Friday, February 1, 2008

KISS - Keep It Simple Stupid

Perhaps not being a prime example of K.I.S.S, but I made my own Atom parser for the Blogspot feeds in Perl. Having my website under a webhotel, I do not have proper rights to install perl modules directly to Perl module repository, I often find myself fighting over an installation of CPAN module - despite the fact I have a "private" module repository myself. Most of the stuff install there pretty well, after having configured CPAN install properly, but Atom feedreader XML::Atom just did not build OK in my system. It derives a twenty-something subpackages and somewhere along the route, one of them just fails.
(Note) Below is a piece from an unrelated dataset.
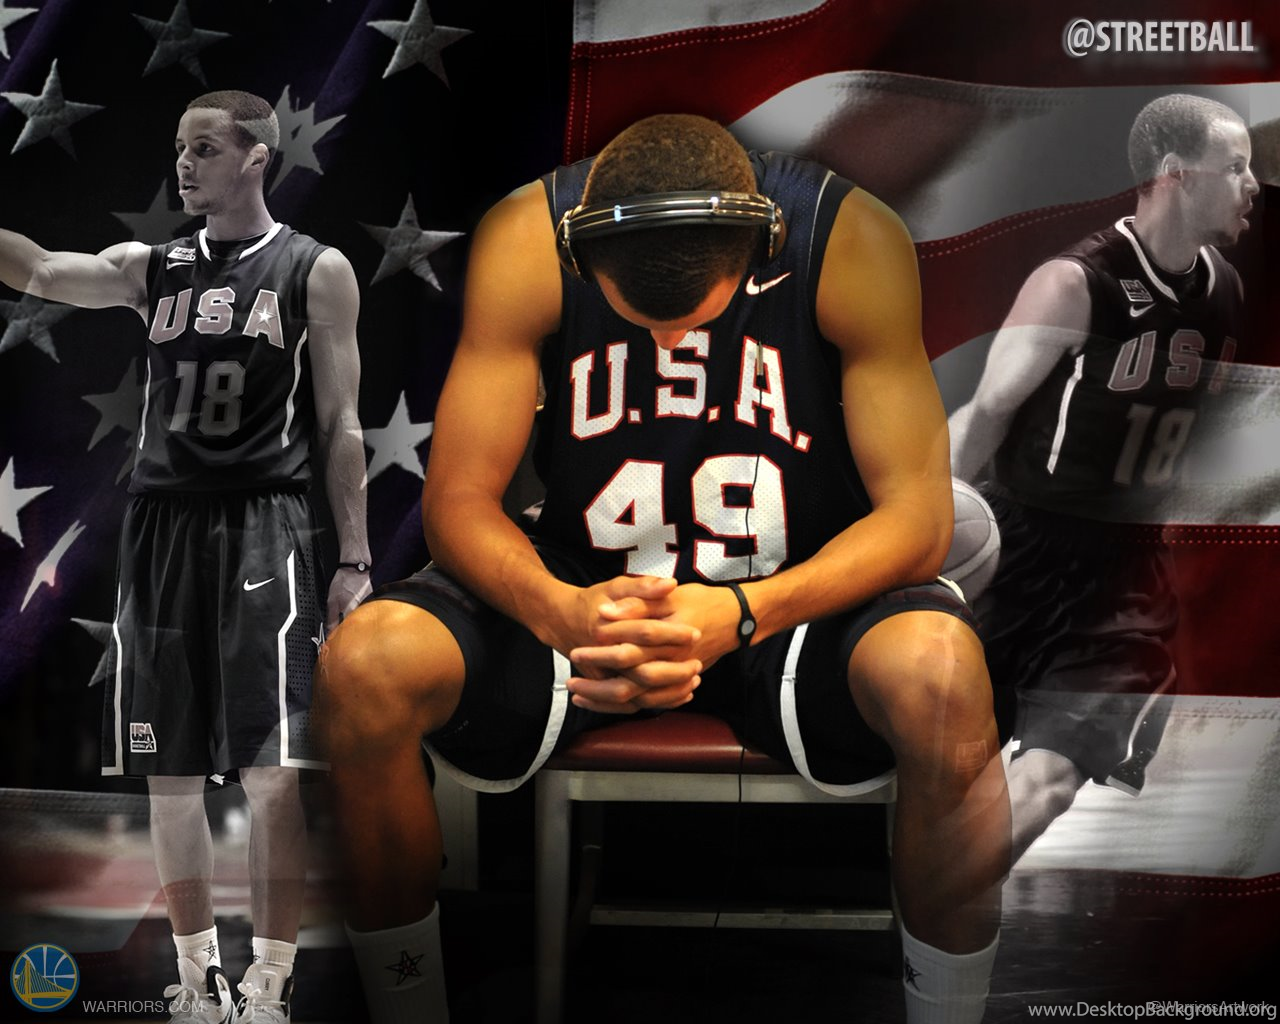 Stephen Curry Team USA Basketball Wallpaper Streetball Desktop Background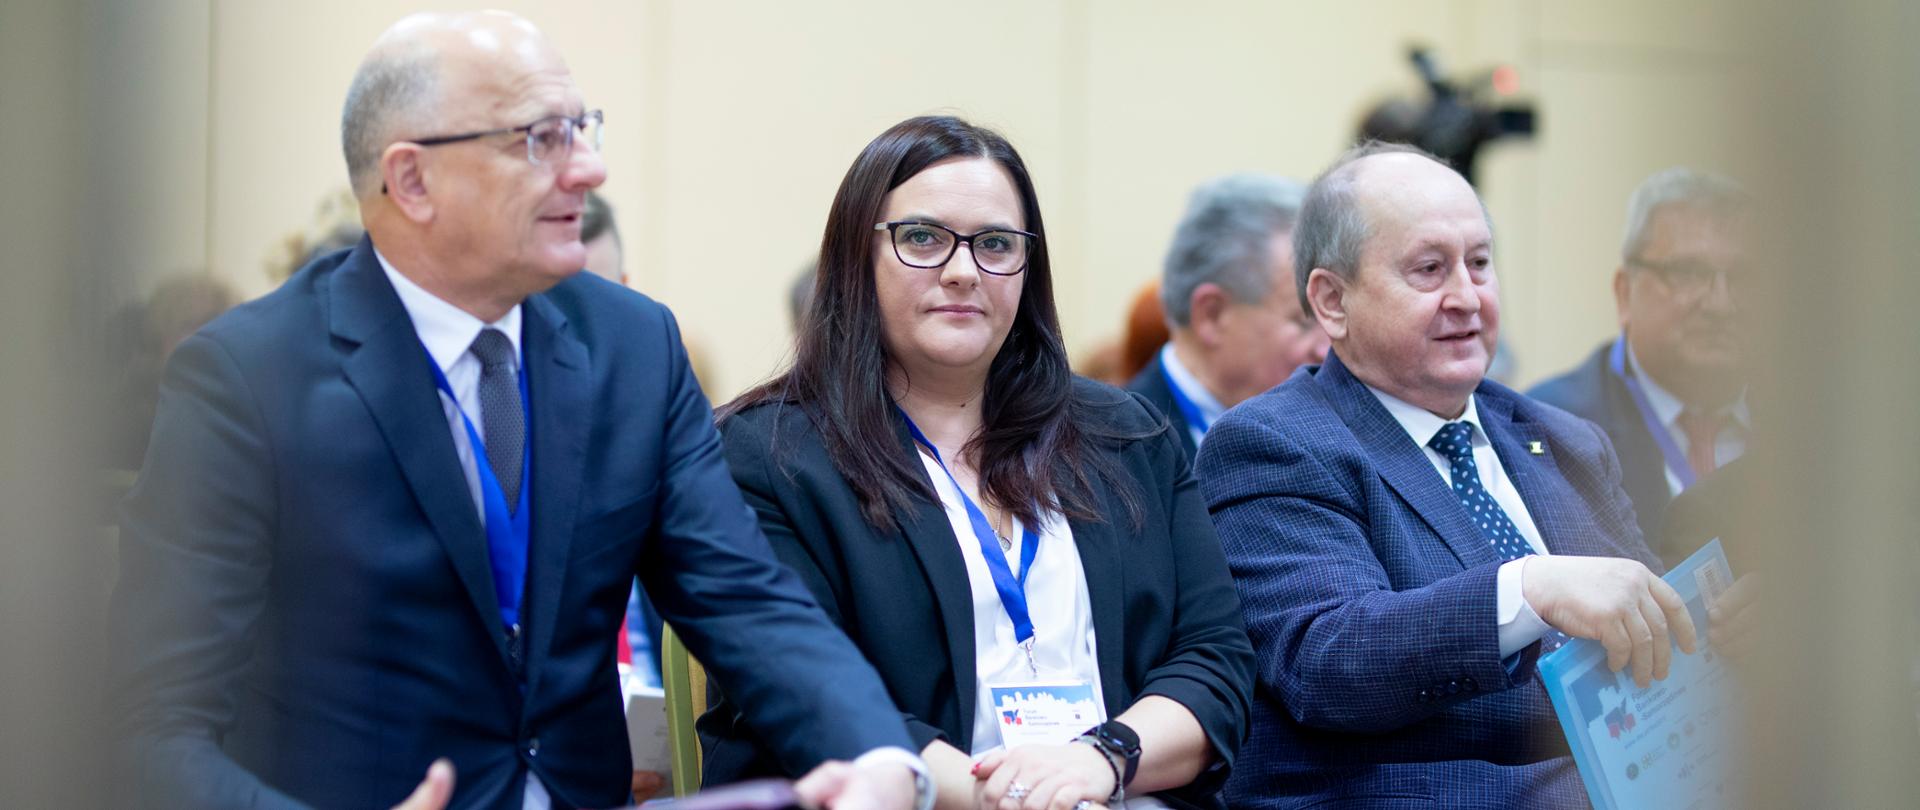 Trzy osoby - dwóch mężczyzn i kobieta - siedzą na krzesłach ustawionych w rzędzie. Pośrodku minister Małgorzata Jarosińska-Jedynak.

So I dug a little what kind of feed the Blogspot Atom feed really is. I found out its pretty simple one, if you just wanna regex through it fast and simple. So here is how it works:

1) Grab the feed with LWP::Simple
2) Run two regexes globally:

$feed =~ m%<published>(\d{4,4}\-\d{2,2}\-\d{2,2}).+?</published><updated>.+?</updated>%g;


$feed =~ m%<title type='text'>(.+?)</title><summary type='text'>(.+?)</summary><link rel='alternate' type='text/html' href='(.+?)' title='.+?'/><link rel='replies' type='text/html' href='.+?postID=([0-9]+)' title='(\d+) Comments'/>%g;

3) ???
4) Profit!!

Not sure if this is any help to anyone, but works great for me! KISSes to everyone!